A public repo maintained by a CISA contractor, ironically named “Private-CISA,” contained 844 MB of sensitive data including administrative credentials for AWS GovCloud accounts, CI/CD logs, Kubernetes manifests, and internal documentation. The repository was created on November 13, 2025, and sat in the open for roughly six months before secrets-detection firm GitGuardian discovered it on May 14, 2026.
What was actually exposed
One file, helpfully named “importantAWStokens,” contained admin credentials for three AWS GovCloud accounts. Another exposed plaintext credentials for internal systems.
Beyond the passwords, the repo included GitHub tokens, sensitive YAML configuration files, and references to CISA’s own software-building environment. That last detail is particularly concerning because it suggests the exposure touched the agency’s internal software supply chain.
After GitGuardian flagged the issue, the repository was taken down within approximately 26 hours, by May 15, 2026. Some of the exposed AWS keys remained valid for an additional 48 hours after the repo was deactivated.
CISA has stated there is currently no indication that any sensitive data was compromised as a result of the incident.
The irony is doing heavy lifting
Independent journalist Brian Krebs first reported on the exposure. The incident was a contractor problem, not a direct CISA employee error. The fact that a contractor’s repo contained references to CISA’s own build environment echoes the kind of supply chain risk the agency has spent years telling others to mitigate, most notably in the wake of the SolarWinds attack in 2020.

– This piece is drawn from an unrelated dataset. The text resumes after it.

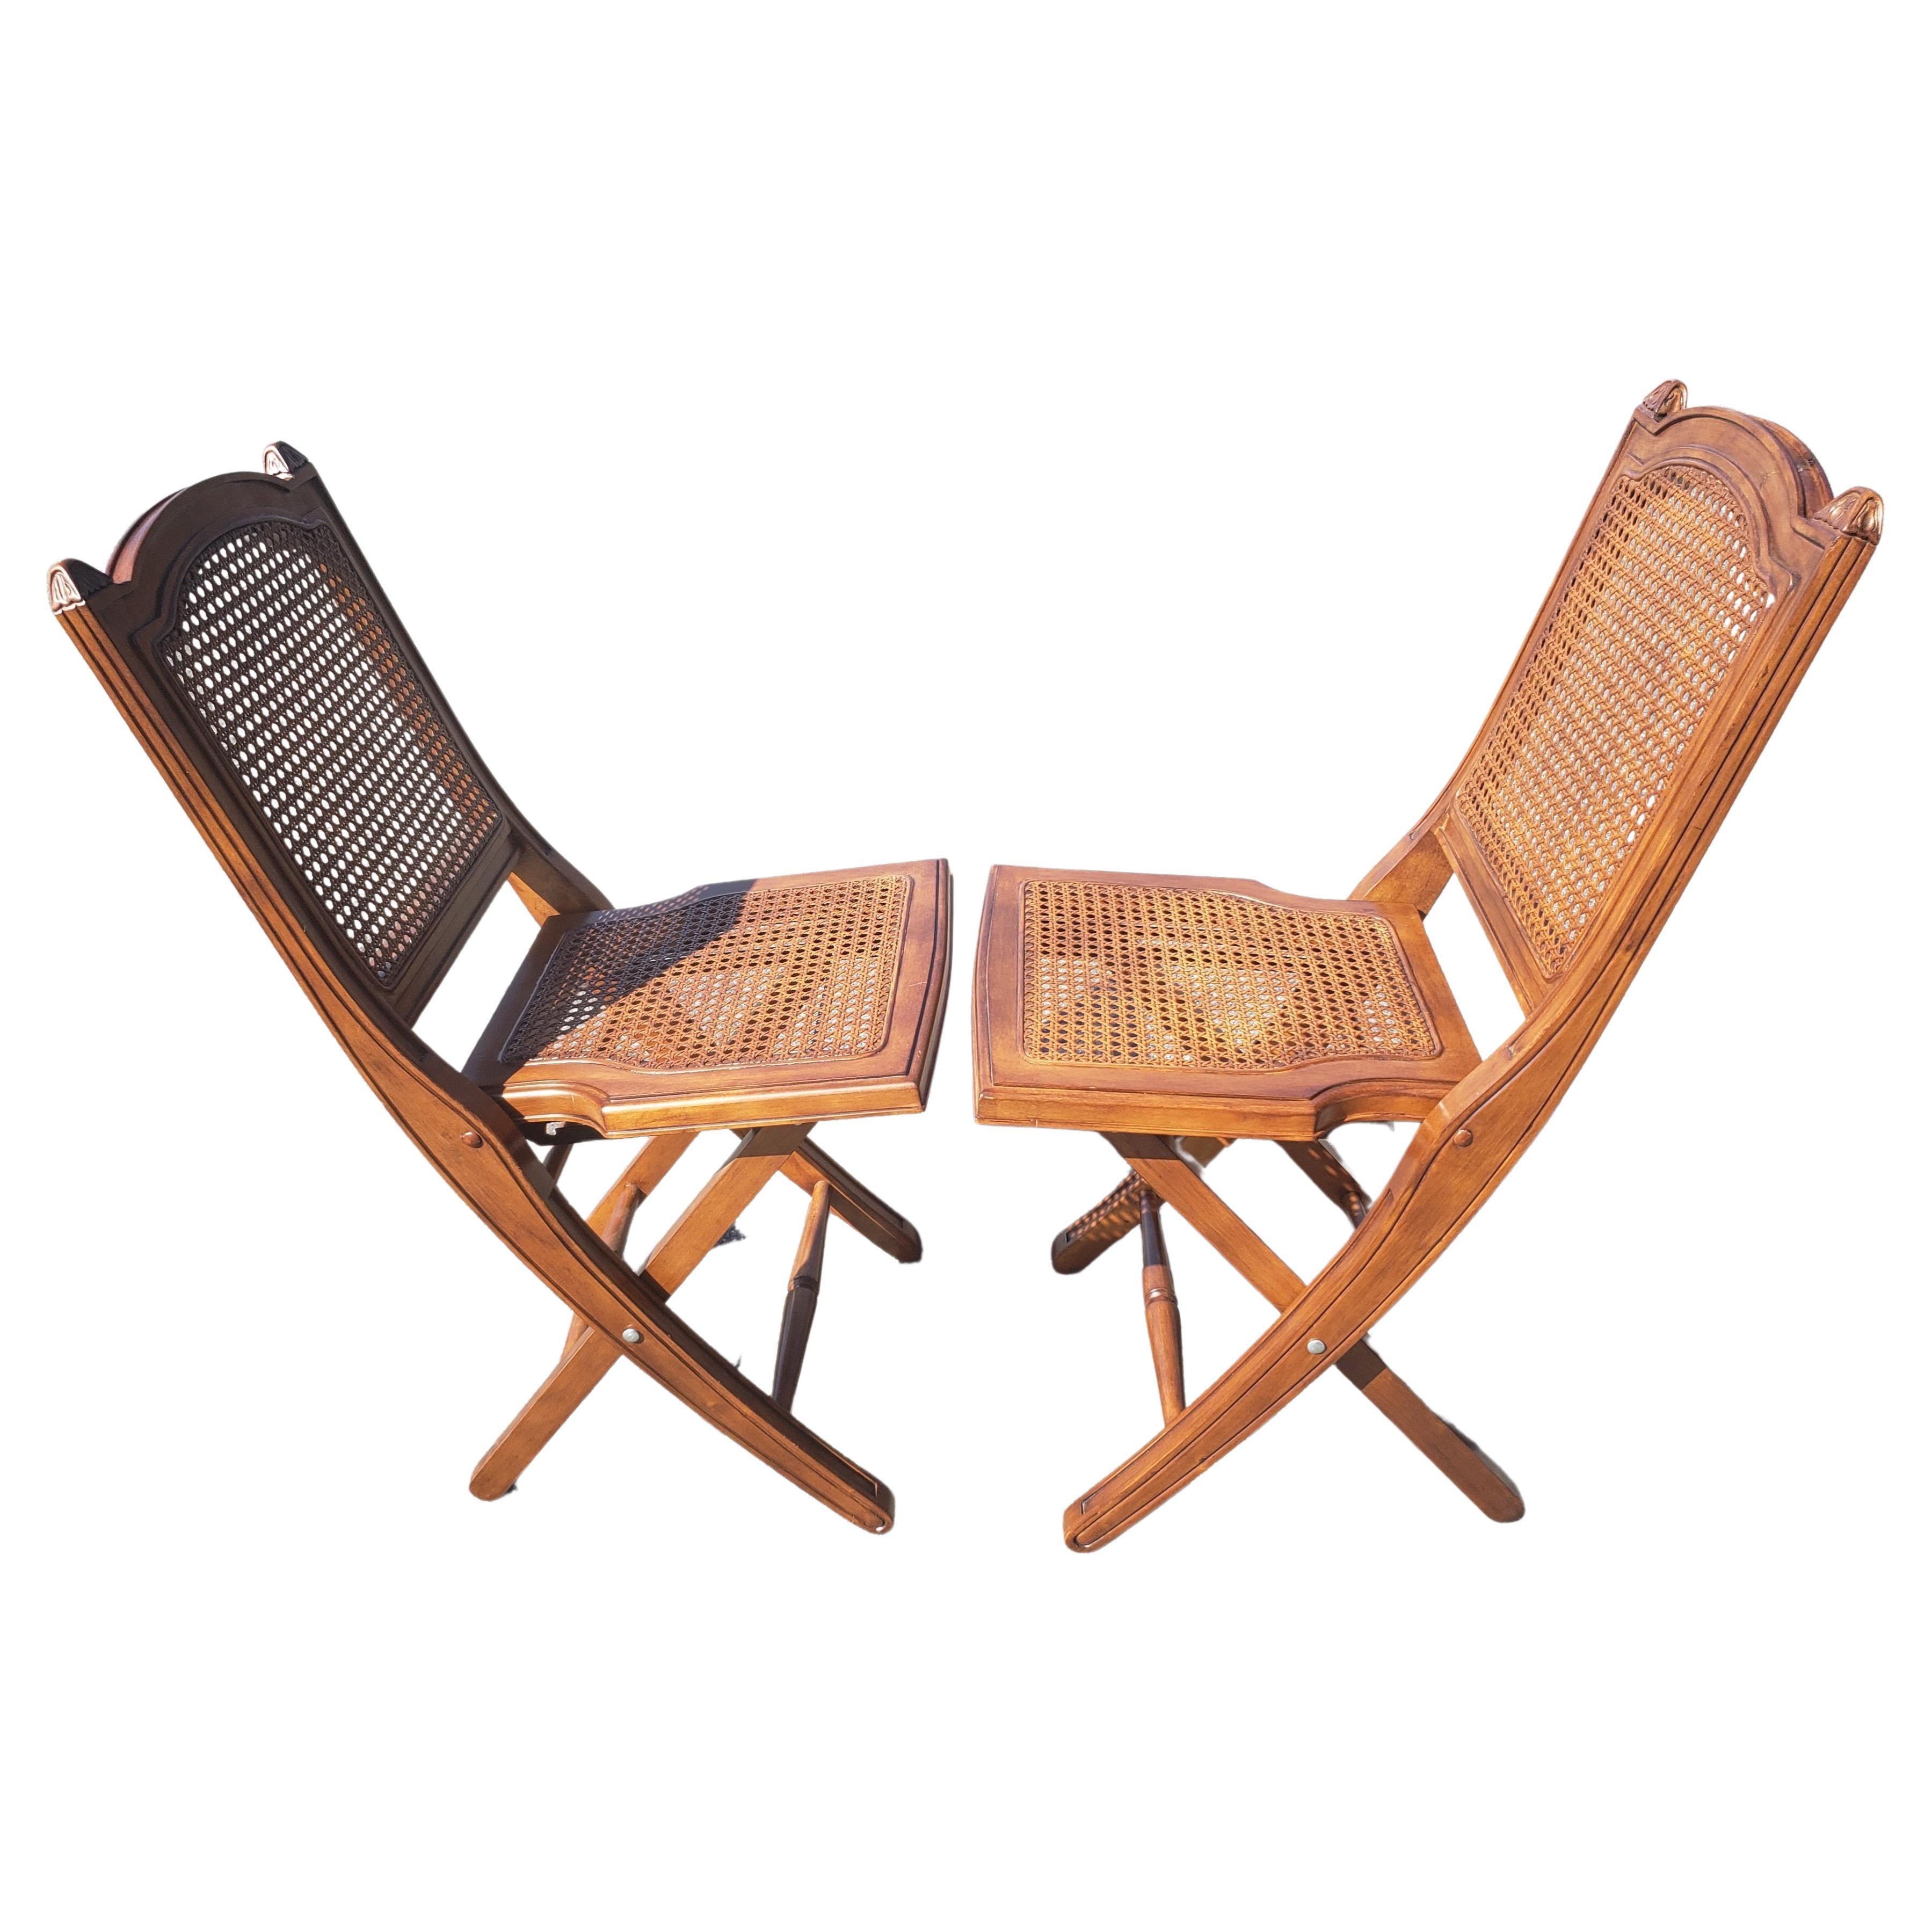 Mid-Century Modern Solid Cherry and Cane Seat and Back Folding Chairs with Cushions, a Pair For Sale

Why crypto and digital asset firms should pay attention
For crypto firms relying on AWS, GCP, or Azure for custody infrastructure, node operations, or exchange backends, this incident is a case study in what not to do. Cloud keys with administrative access are functionally equivalent to private keys in the blockchain world. The fact that CISA’s exposed keys remained valid for 48 hours post-takedown would have been more than enough time for an attacker to pivot through connected systems.
A protocol can have a flawless audit from a top-tier firm and still get compromised because someone on the DevOps team pushed a .env file to a public repo. The same CI/CD pipelines, the same Kubernetes clusters, the same cloud provider APIs that power government systems also underpin major crypto exchanges and custodians.